Store parachain bootnodes in relay chain DHT

tomaka commented 1 year ago

I've found a pretty big issue with this proposal, which is that the storageTrieRootHash value that can be queried can't be trusted, and thus that the genesis hash of the chain can't be trusted.

I initially just wanted to add a note in the RFC saying that the calculated genesis hash must not be used for purposes other than determining the networking protocol names. Unfortunately, the JSON-RPC API has functions to query the genesis hash, and so if a light client connects to a parachain in a chain-spec-less way (through just a relay chain and para_id), it has no way to implement the JSON-RPC API properly.

As a side note, if you connect in a chain-spec-less way the JSON-RPC API can't be fully implemented anyway, as the chainSpec_unstable_properties and chainSpec_unstable_chainName functions can't be implemented. But that's already covered by the JSON-RPC spec, which allows some namespaces to not be implemented. In this case, you wouldn't implement the functions in the chainSpec namespace.

We can maybe simply remove the JSON-RPC functions that allow querying the genesis hash, except that when you submit a transaction you need to include the genesis hash in it.

I can see two ways of solving this problem, I'm not sure right now which way is best:

Give up for now on the idea of connecting to a parachain without a chain spec. Remove the stateTrieRootHash and forkId field from the new networking protocol, as they would be loaded from the chain spec. The RFC would simply make it possible to find the bootnodes of a parachain, but not to connect to said parachain without a chain spec.
Double down on the idea of connecting to a parachain without a chain spec, by removing the JSON-RPC functions that allow knowing the genesis hash, and instead JSON-RPC clients should read System::BlockHash[0] (or alternatively introduce a new item in the runtime) in order to know the genesis hash. Given that the runtime verifies the genesis hash when submitting a transaction, we know that this genesis hash is always available in storage and just needs to be queried in a way or the other.

tomaka commented 1 year ago

I ended up going for the first option, but I have also opened https://github.com/paritytech/json-rpc-interface-spec/pull/61 in order to make it future-proof.

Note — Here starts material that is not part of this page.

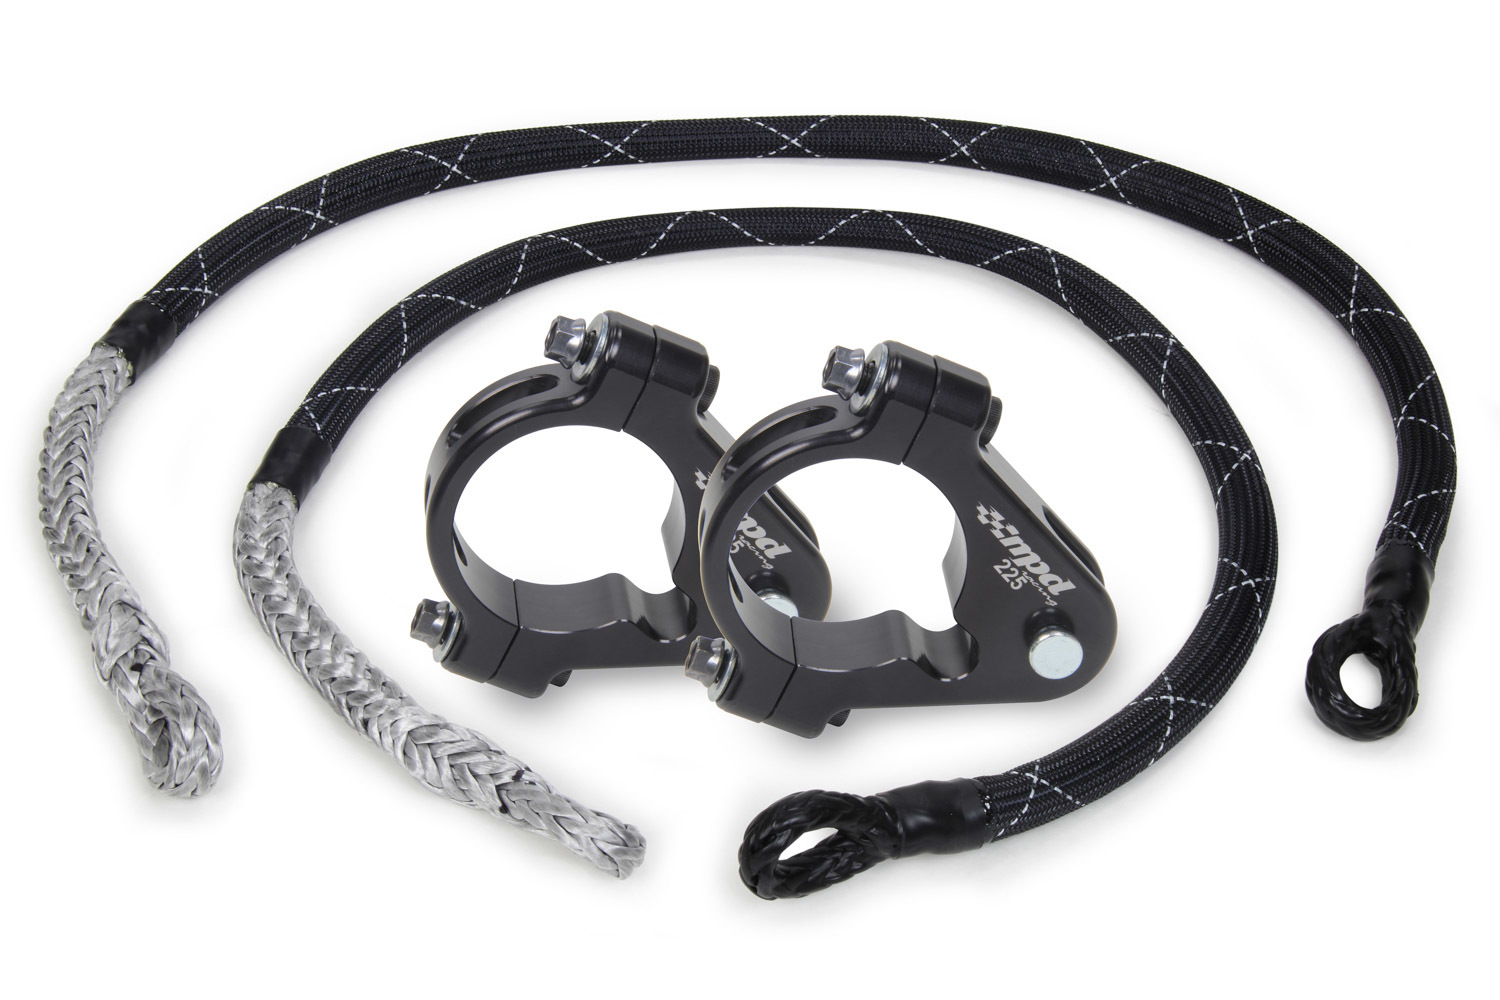 MPD Racing 10502 Axle Tether, Clamp / Hardware Included, Aluminum, Black Anodized, 2-1/4 in Axle Tube, Kit

rphmeier commented 1 year ago

Give up for now on the idea of connecting to a parachain without a chain spec. Remove the stateTrieRootHash and forkId field from the new networking protocol, as they would be loaded from the chain spec. The RFC would simply make it possible to find the bootnodes of a parachain, but not to connect to said parachain without a chain spec.

It seems that light clients will always need some form of chain spec, but that it only needs a few piecse of information:

Para-ID
Genesis Hash
Fork ID

Given the weakly synchronous model it would also make sense for light clients to have additional information such as a recent (~1 month) finalized block hash, for maximum deterrence of long range attacks.

tomaka commented 1 year ago

It seems that light clients will always need some form of chain spec, but that it only needs a few piecse of information:

Para-ID Genesis Hash Fork ID

Also needed is the properties field (which PolkadotJS uses to know the token name and number of decimals (I've always thought that this should be moved on chain)).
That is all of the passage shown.